Finding Locations of Identical Characters in Text#
In this article, we will explore a method for identifying the locations of characters in a given text where those characters are followed by an identical character immediately to the right. Our goal is not to retrieve the characters themselves or their indices, but rather to produce a mask that indicates where such pairs begin.
Overview#
A classic example of text processing in APL is using the word “Mississippi,” as it contains a variety of duplicated characters. However, it only has two identical characters in a row. To expand our example, we will consider cases where we have three consecutive identical characters, allowing for overlapping pairs.
The output mask will contain:
0
for positions where the characters do not match.1
for positions where identical characters are found.
For instance, in the string “Mississippi”, we can generate the mask with the following APL function:
{2=/⍵}'Mississippi 39111'
This outputs:
0 0 1 0 0 1 0 0 1 0 0 0 0 0 1 1
Here, the last character is not followed by another character, so we end with a zero.
Implementation with Lambda Function#
We will start with a Lambda function and refer to the function’s argument as Ω
, which symbolizes the rightmost character of the Greek alphabet.
Using the reducing
operation (represented by NY
), we will examine all windows of length 2 and reduce them using equality, effectively inserting a comparison between the two characters.
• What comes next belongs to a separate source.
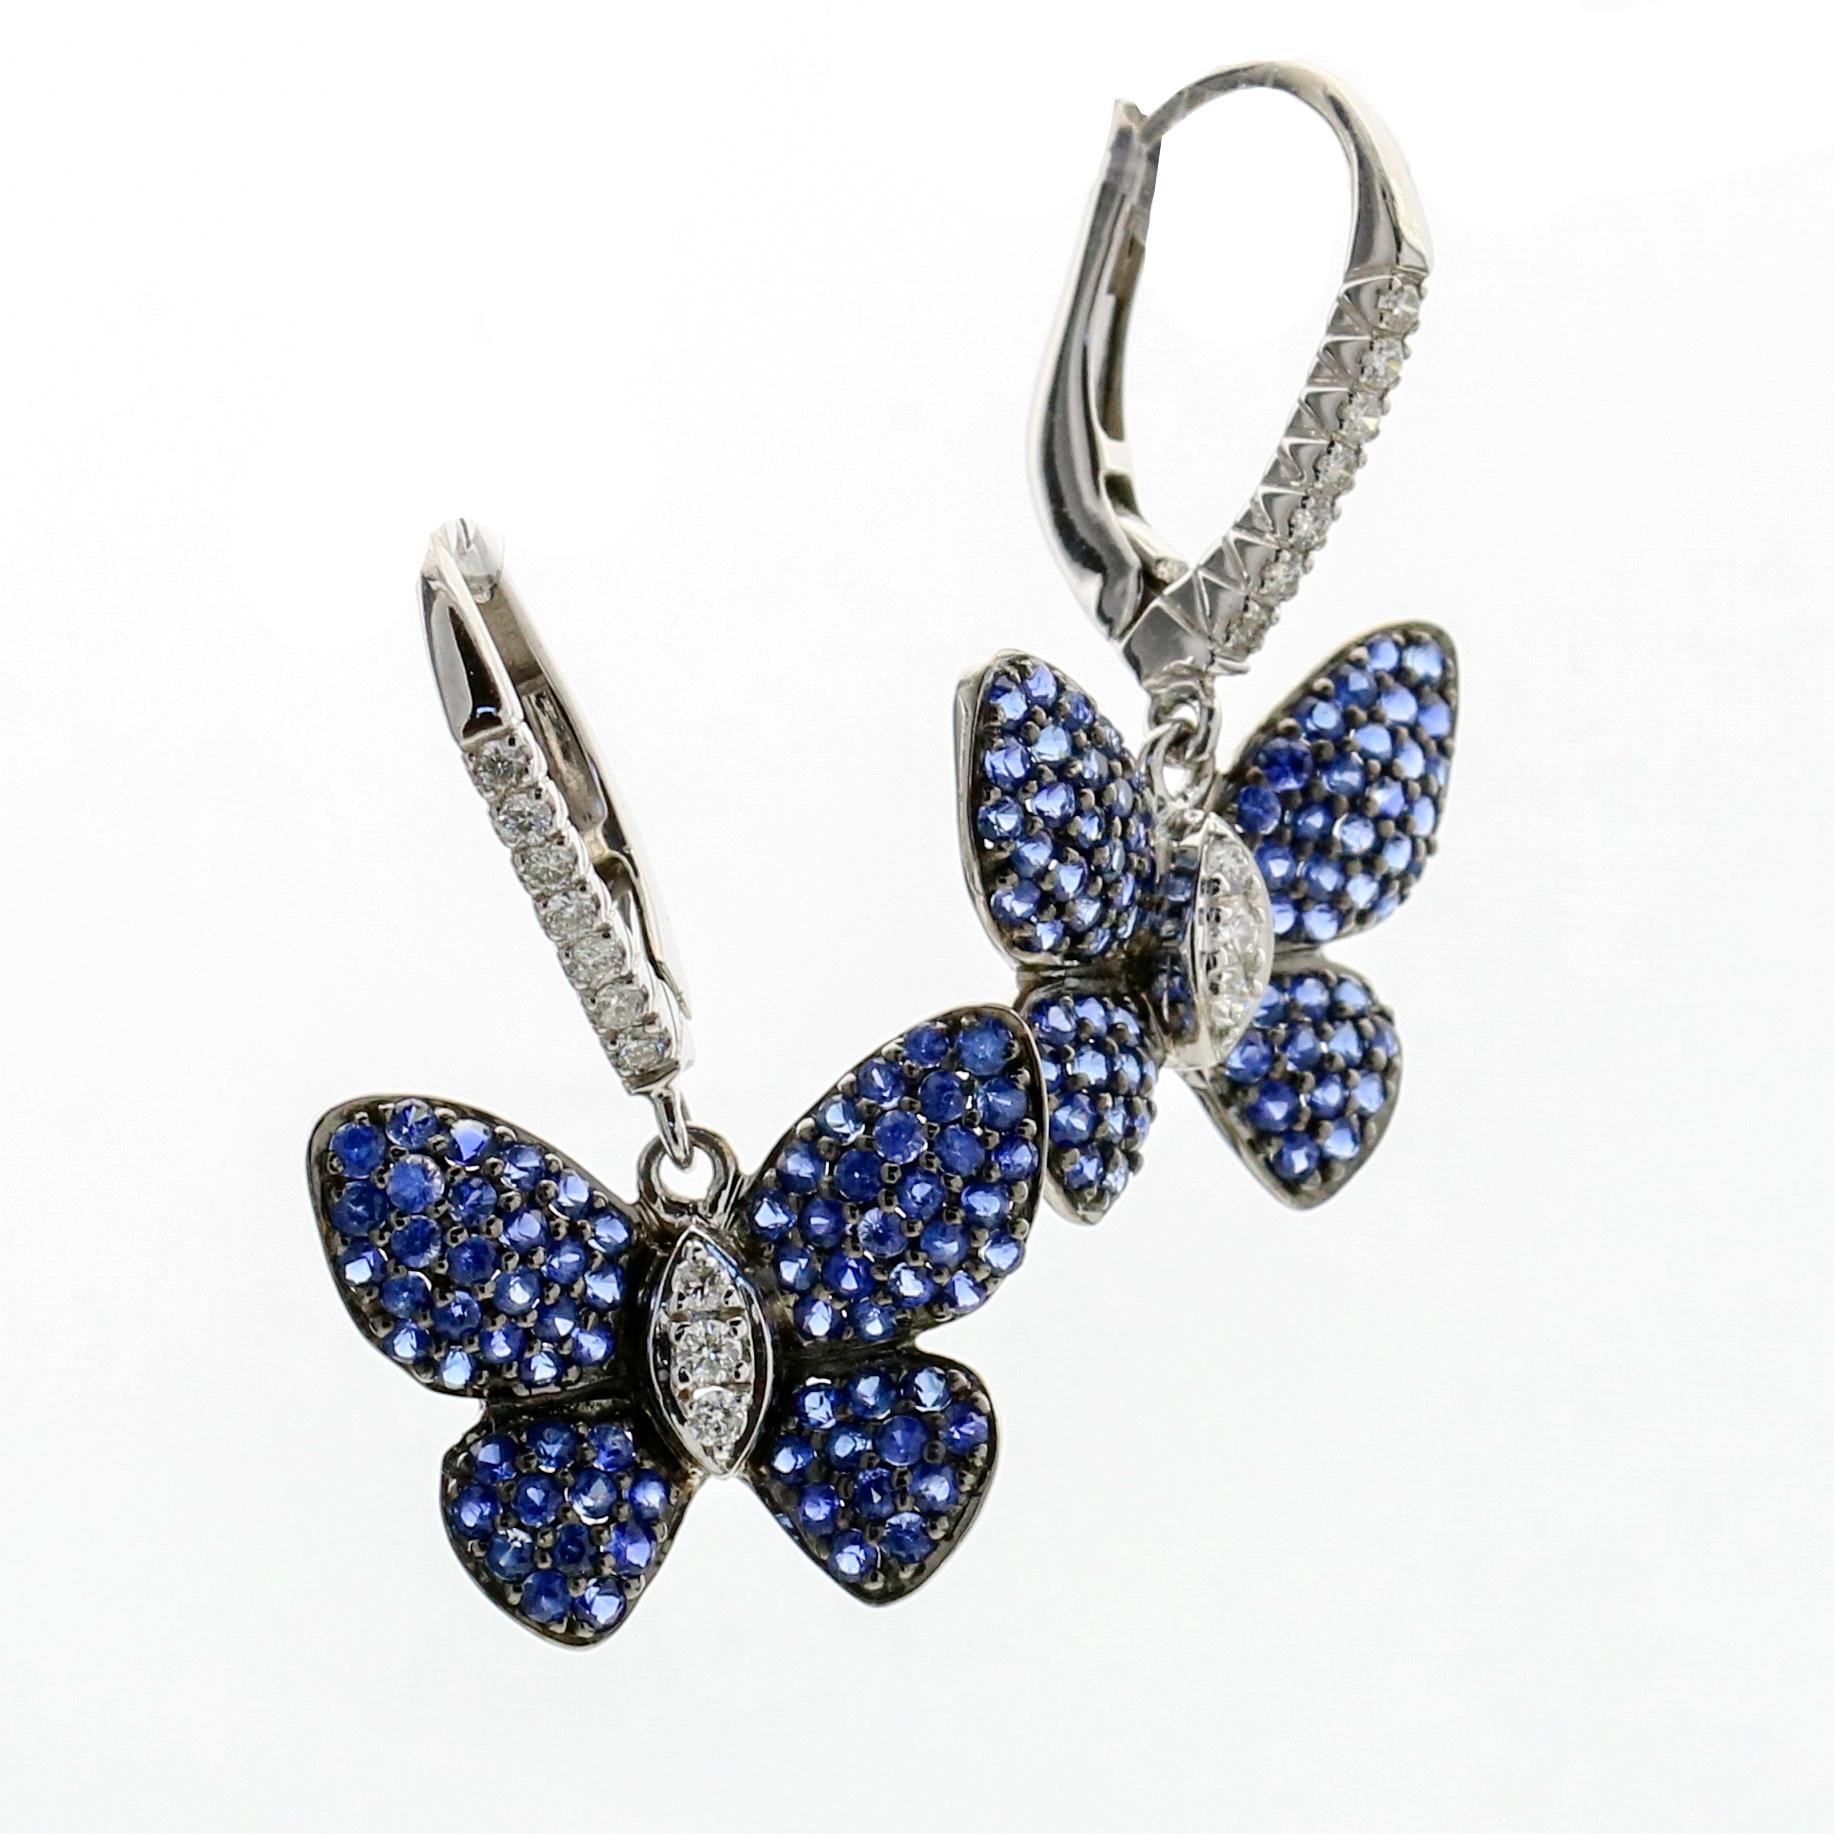 Dangle butterfly earrings in 18-karat white gold with sapphires and diamonds. The butterflies dangle from a polished metal lever-back with diamond accents. Butterfly wings are pave-set with round-cut natural blue sapphires, and the body has 3

You might notice that if our string does not contain any pairs, we end up with an incomplete mask. As a remedy, we can use an alternative approach, like this:
{(2=/⍵),0}'Mississippi 39111'
This outputs:
0 0 1 0 0 1 0 0 1 0 0 0 0 0 1 1 0
Handling Edge Cases#
To address the issue of empty strings, we can extend the string with a character that doesn’t appear elsewhere, allowing us to complete the expected output. Yet, if the last character is already such an added character (like a space or a plus), the result might be inaccurate.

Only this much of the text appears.